FSI OneVoice: Advisory Industry Needs Numbers, Clout as Lawmakers Mull Fiduciary Definition

ORLANDO, Fla. – Amid record attendance and formidable growth in its membership ranks, the leaders of the Financial Services Institute insisted that ensuring the organization’s potency as lawmakers define a fiduciary standard for the industry is chief among their strategies and challenges for the coming year.

“We’re marshalling the resources that we have, that our friends and competitors in those other business models don’t have,” said Dale Brown, CEO of FSI, who opened FSI's annual OneVoice broker-dealer conference in Orlando, Fla. earier this week. “Wall Street – their trade organizations have almost a hundred years of experience and tons of money – but they can’t mobilize thousands of advisors. We can do that,” he added.

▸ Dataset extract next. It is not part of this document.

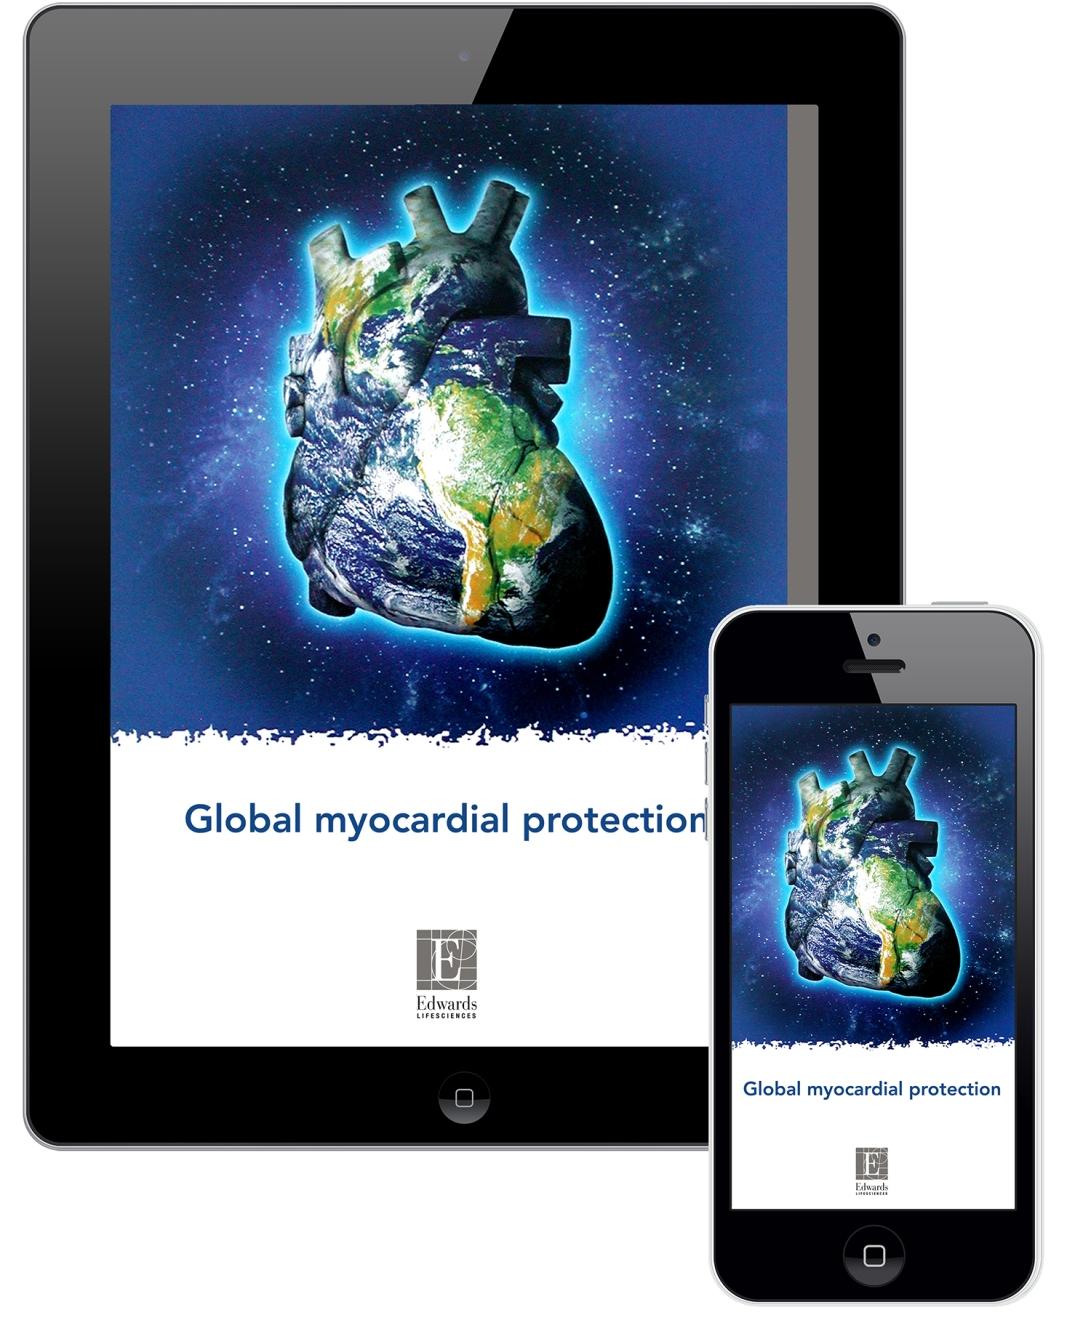 Global myo

FSI has more than doubled its ranks in the past year, growing to 34,000 members. Expecting attrition because much of the growth was due to membership dues subsidized by about 40 large firms, FSI hopes to have 40,000 members and a $7 million to $7.5 million operating budget by 2015. Spending is set at $5 million for this year.

“What matters in Washington, D.C., is numbers,” said Joe Russo, FSI’s chairman and the first advisor to head the organization. He is chairman of Longwood, Fla.-based Advantage Financial Group.

Keith Kelly, FSI’s executive vice president, added that the organization has “intentionally fused advocacy and membership together.”

Many advisors have fretted publicly that, if lawmakers impose a fiduciary standard on all wealth managers, even the smallest clients seeking simple guidance on opening an IRA would face a huge increase in fees, driving away that business and leaving those clients to fend for themselves.

“The economics do not work when you add heavy regulatory burdens” for servicing smaller clients, Russo said.

“Advisors are seeing for the first time the dangers that are coming out of D.C. and the states. … It would disenfranchise the very people they are trying to protect,” he added.

FSI officials crow that, at their prompting, 5,000 advisors wrote to the White House to urge restraint in addressing the fiduciary issue, and that 260 meetings were held in a single day on Capitol Hill and elsewhere in Washington to discuss the matter.

A heavy regulatory burden would disrupt the advisor business model, Brown argued. “The core of the business model is you have an advisor who is client-focused, is not an employee beholden to any corporate parent, is a business owner, an entrepreneur, a professional in their community in partnership with an independent financial services firm,” he said.